На другой день, исполняя очередную недельную, Аккирей ушел пасти овец. Без него я кончил, в два дня еще другой пай; в другие два, как шел дождь, от скуки я ходил за грушей и приносил меры по три, думая, что приведется жить у них — груша пригодится. Высушив, они мелют ее в жерновах, и разведя в воде, заедают жирное. Потом день сгребал сено, скошенное с Аккиреем. В горах, где солнце освещает мало и закатывается рано, трава как не скоро поспевает, так не скоро и сохнет. День еще косил, и хозяйка, скупая женщина, видя молчаливость, не приносила мне завтракать; когда я пришел обедать, она угостила меня одним огурцом, с небольшим куском хлеба, и после говорила другим, когда те хвалили мою ревность к работе: «Он неприхотлив!» Желая угодить мужу, или слишком заботясь о хозяйстве, чтобы ловить удобные дни, она выслала меня на работу даже в недельный день, пятницу (перескан), когда они сами ничего не делают. Но лишь только я вышел и начал было косить, услышал крик: «Сударь! ступай домой: сегодня работать грех! Стыдно Ине, что она послала тебя. Не бойся, иди — знай: Аккирей не скажет ничего. Это была родная сестра Хазыры. Я послушался и оставил работу. Ина, когда я пришел, сконфузилась.

По вечерам беседовал со мной солдат.
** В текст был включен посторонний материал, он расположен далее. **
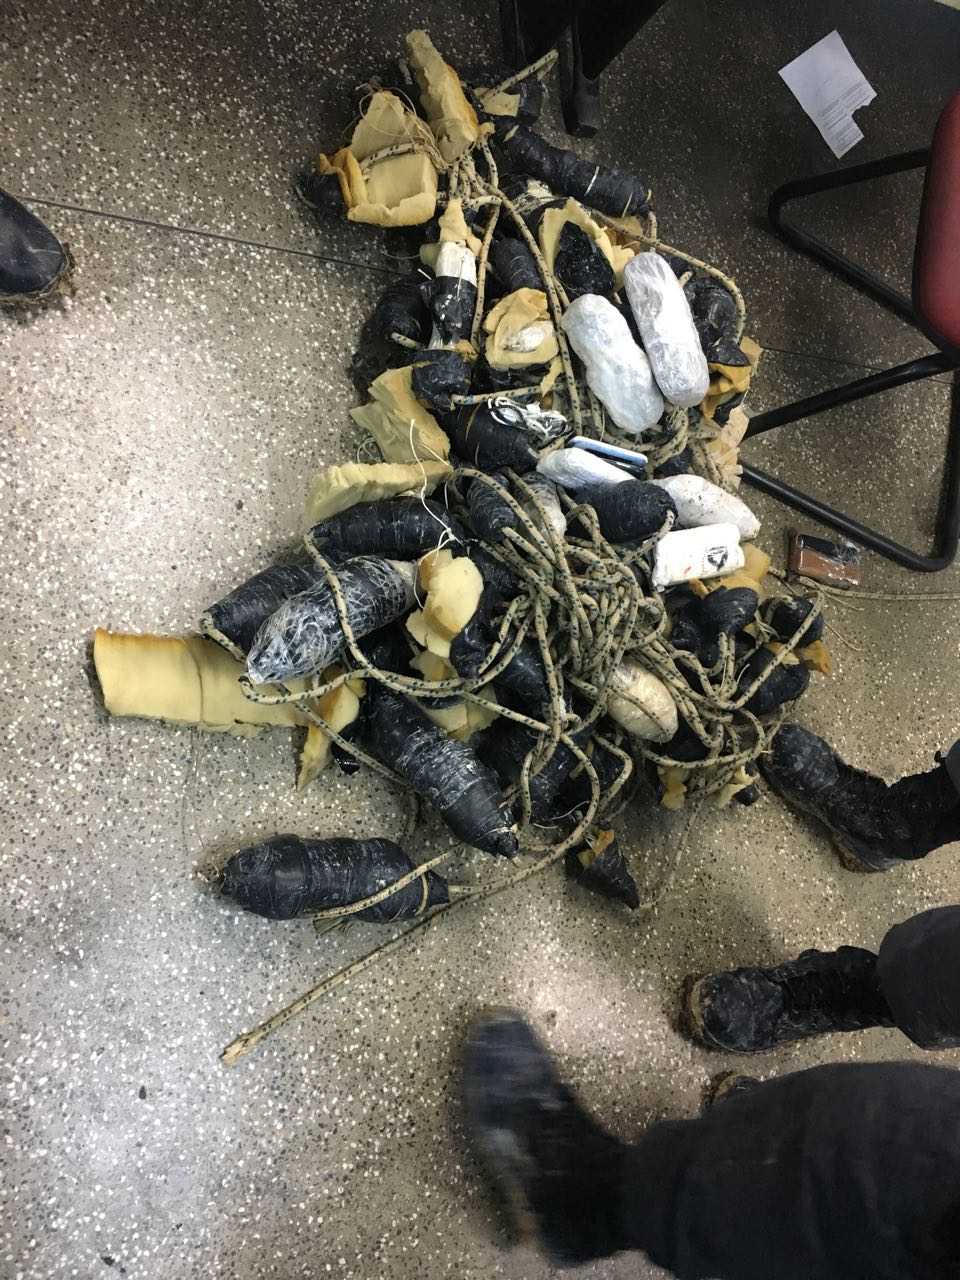 Polícia frustra tentativa de "pesca" de 3kg de drogas, 30 celulares e carregadores em presídio de Manaus - Imagem: Via Whatsapp
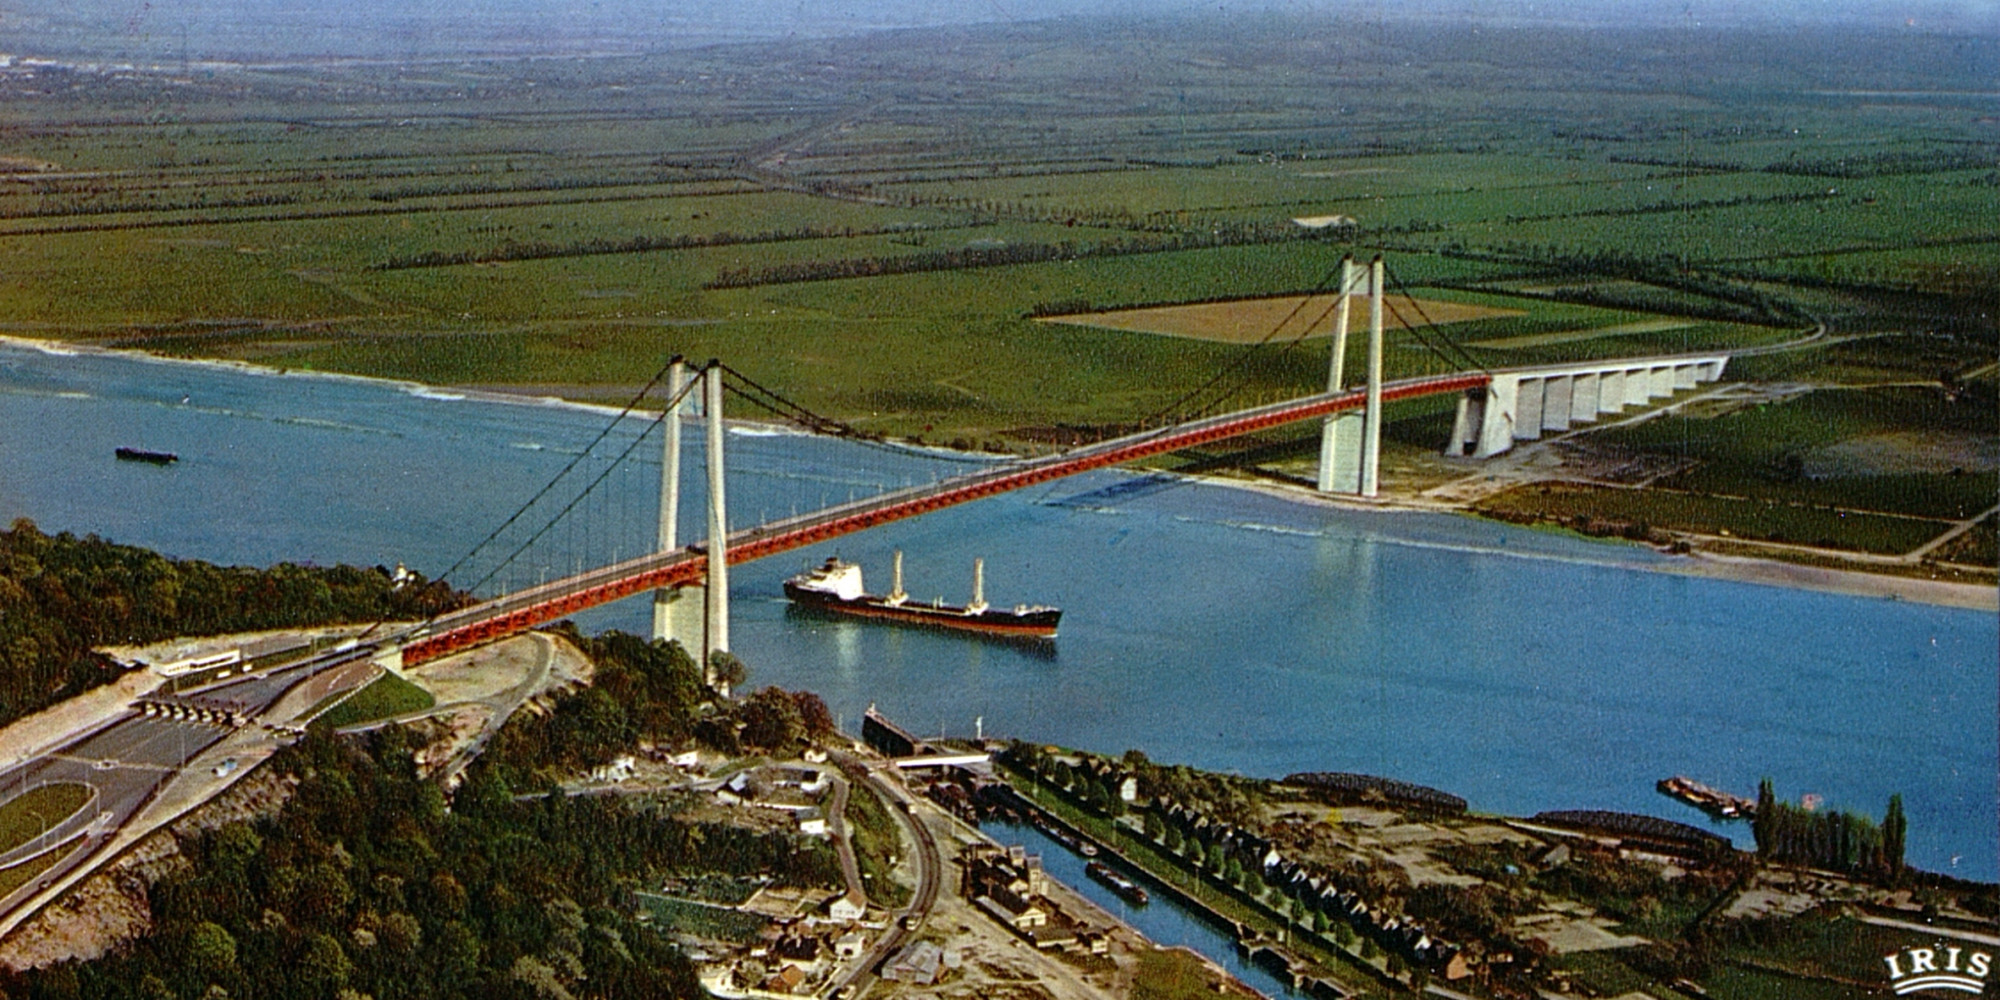 Ponts de Tancarville et Normandie. Une prolongation de concession envisagée

Не мог он нахвалиться своим аулом, говоря, что лучше его нет, что Дарги (Все слова чеченские, приводимые здесь мной, произношу как произносят их туземцы: Дарги, а не Дарго, мюрад, а не мюрид, и прочая.), хотя и резиденция, нисколько не лучше. В самом деле, сколько мог заметить я сам, весь аул Гюни составлял какую-то родственную общину. Всюду какая-то тишина и согласие. Солдат сказывал, будто бы все жители между собой родные; а во всем ауле домов до ста.

Прожив в Гюнях девять дней, я только работал Аккирею, и видя, что шапка мне не шилась, не хотел больше жить здесь. К тому же редко видел Хазыру. Вечером как-то раз сидели мы только вдвоем: сидя у огня, украдкой поглядывал я на нее: она сучила шелк. Молчали мы долго, но первая заговорила она: «Что, Сударь, нравится ли тебе наш аул? лучше Гильдагана или нет?» Я похвалил и опять настала тишина. В девятый день вечером приехал к нам сын Високая и с ним пришла сестра Аккирея. Она гостила у своей сестры, жены Високая. Я спрашивал, не продан ли я, что живу и работаю только одному, и узнав, что нет, говорил: «Хлеб есть у меня и дома. Но я готов остаться с тем, чтоб была какая-нибудь польза моему хозяину, как человеку бедному». Но приезжий старался уговорить меня остаться, представляя, что жить мне все равно, где бы то ни было, а пища тут лучше. Переводчиком, многих объяснений с моей стороны был солдат. Утром, приезжий, садясь уже на лошадь, неожиданно сказал мне: «Ну, пойдем». Надобно было быть твердым в словах. Извиняя их коварству, я не спросил и шапки, не взял на дорогу ни куска, не закусив ничего, поднял косу на плечо и пошел вслед за верховым. Нехотя я должен был поспевать за ним и не сказал во всю дорогу с ним ни слова.

V.

Недуг. — Второй поход в Гюни. — Продажа. — Разладица. — Болезнь. — Непритворная добродетель Абазата. — Покушение Абазата к побегу. — Переезд в хутор. — Вдова Тамат. — Родины. — Разлука. — Неудача.

Я пришел домой к вечеру. Все мои хозяева встретили меня с радостью: Ака заметил мою худобу, Абазат краснел и благодарил за мою гордость. Високай был обвинен.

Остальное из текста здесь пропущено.